*EXERCISE DESCRIPTION*: Each line below needs to be returned exactly. Skip any picture.

*PROVIDED MATERIAL*:
○ ○ ○
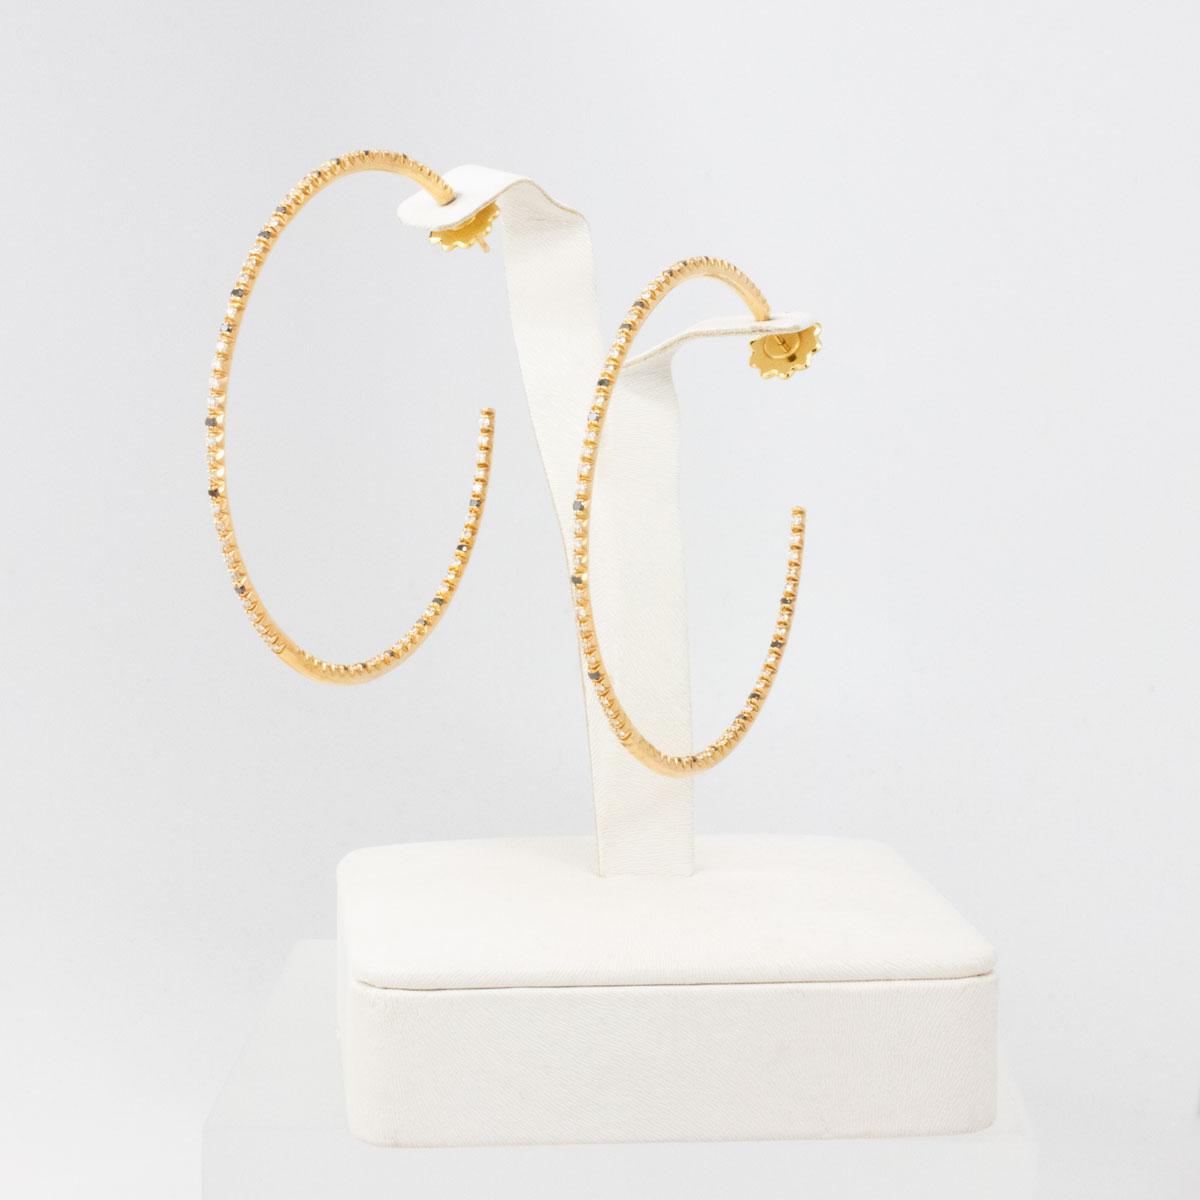 Diamond Hoop Earring with Black Diamond Accents, 18k Yellow Gold
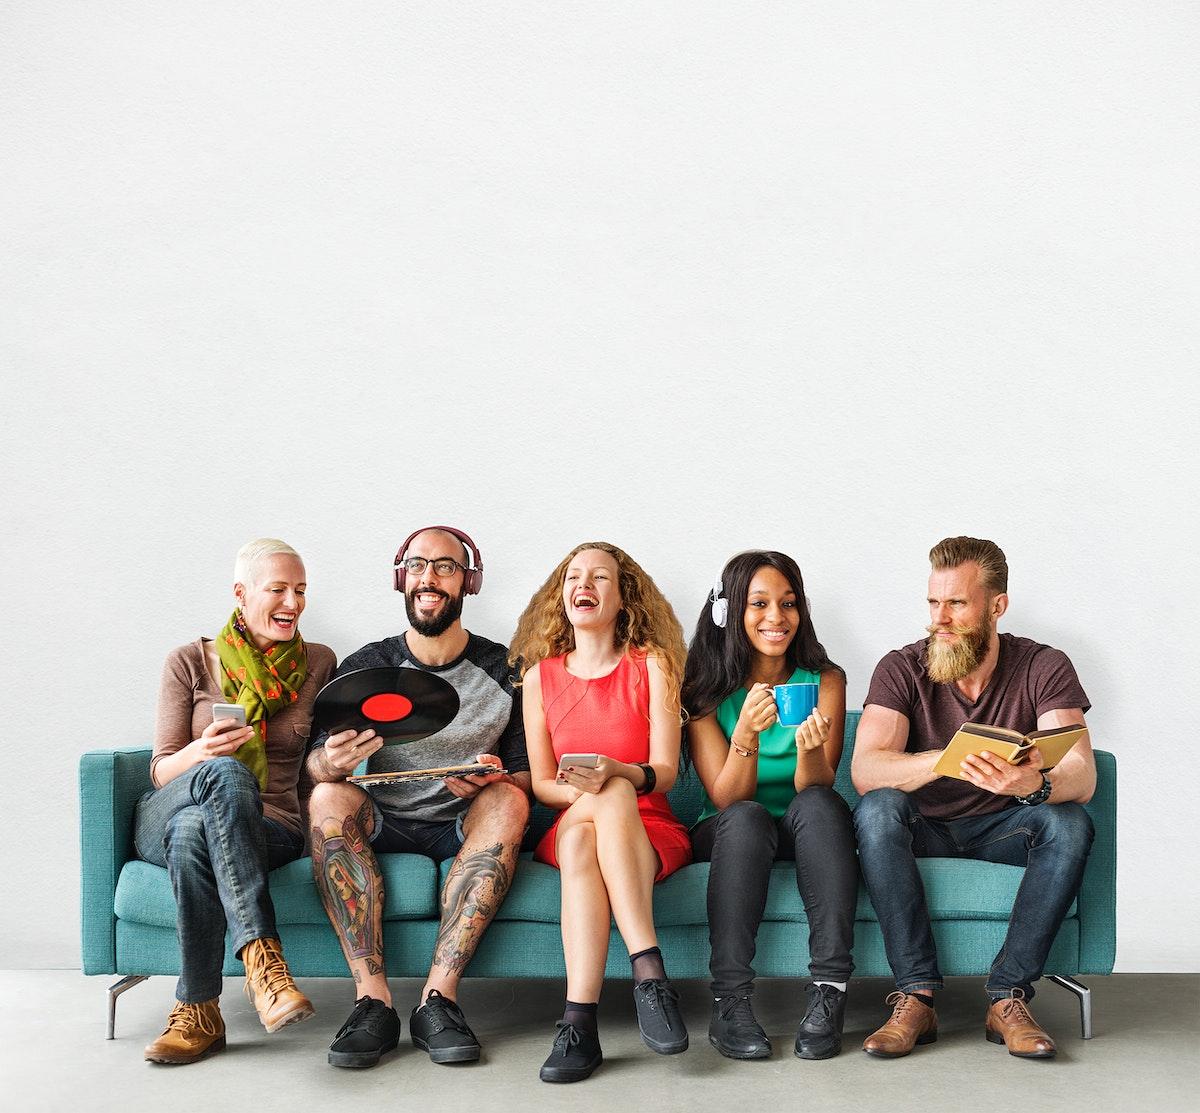 A group of international friends
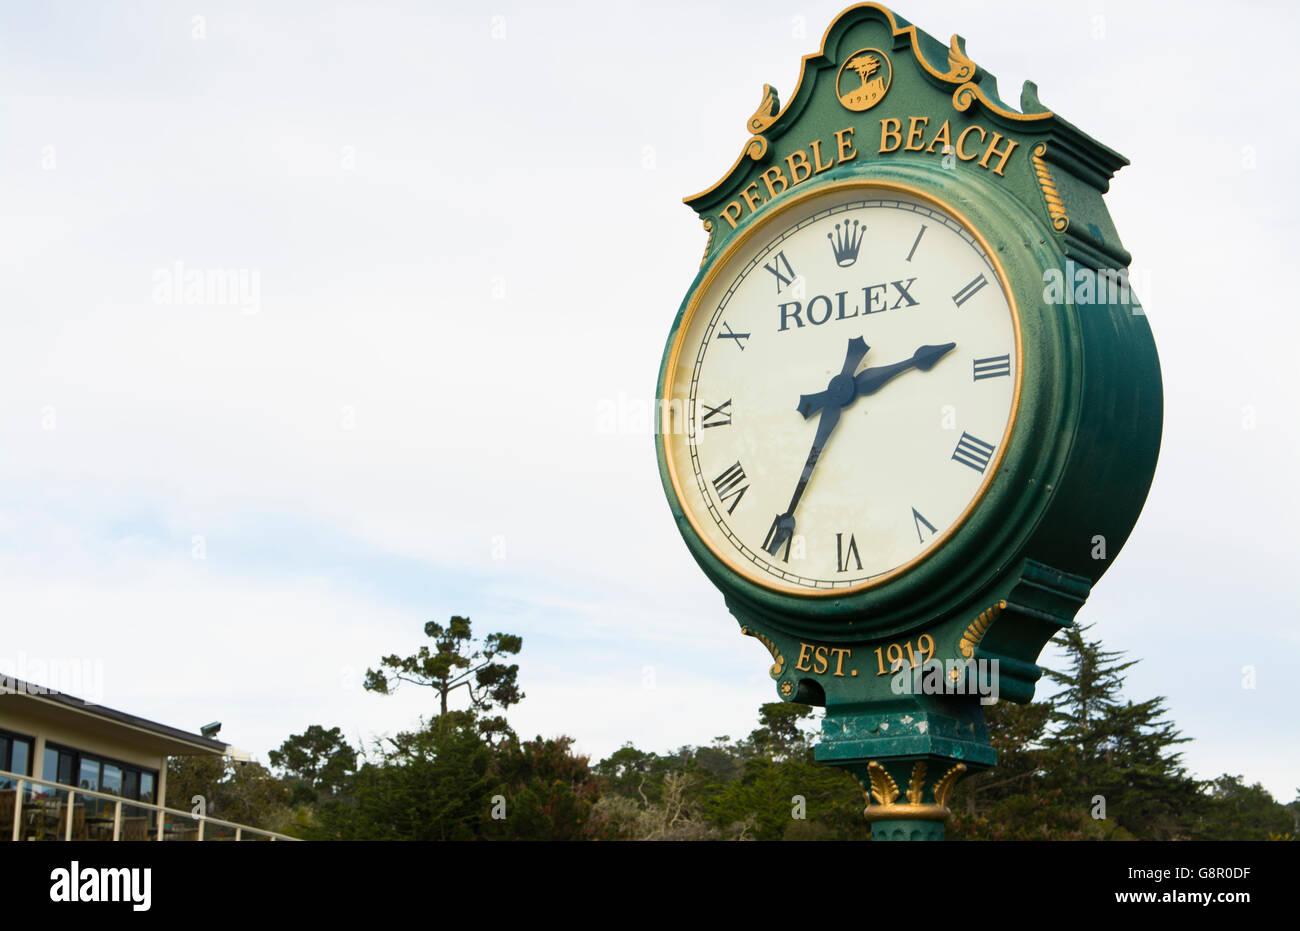 Pebble Beach California clock at Pebble Beach Golf Links exclusive golf course - Stock Image
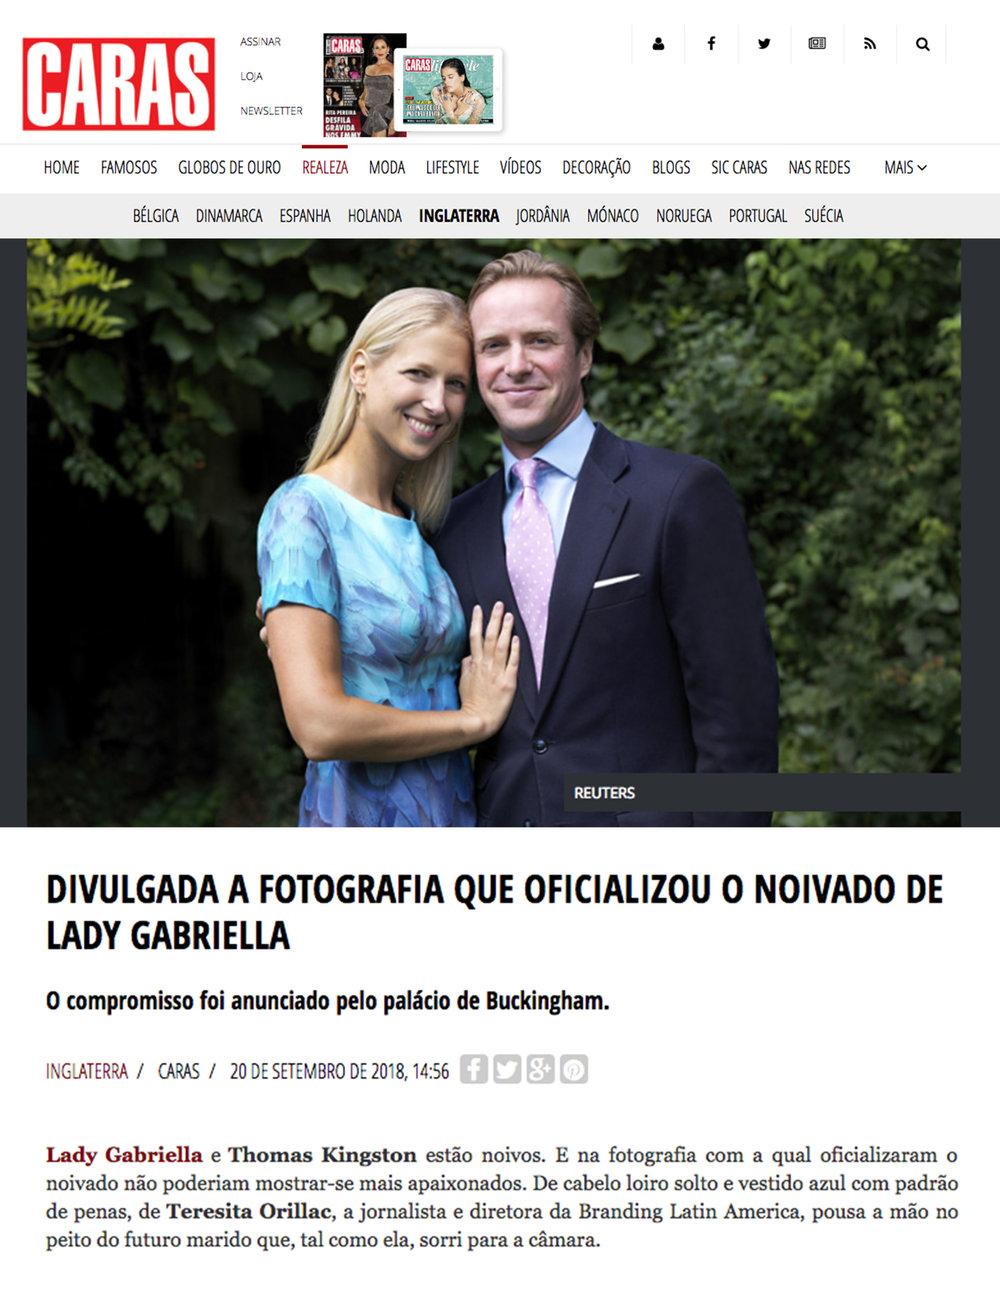 09-18 CARAS portugal.jpg
○ ○ ○
*SOLUTION BELOW*:
 Diamond Hoop Earring with Black Diamond Accents, 18k Yellow Gold
 A group of international friends
 Pebble Beach California clock at Pebble Beach Golf Links exclusive golf course - Stock Image
 09-18 CARAS portugal.jpg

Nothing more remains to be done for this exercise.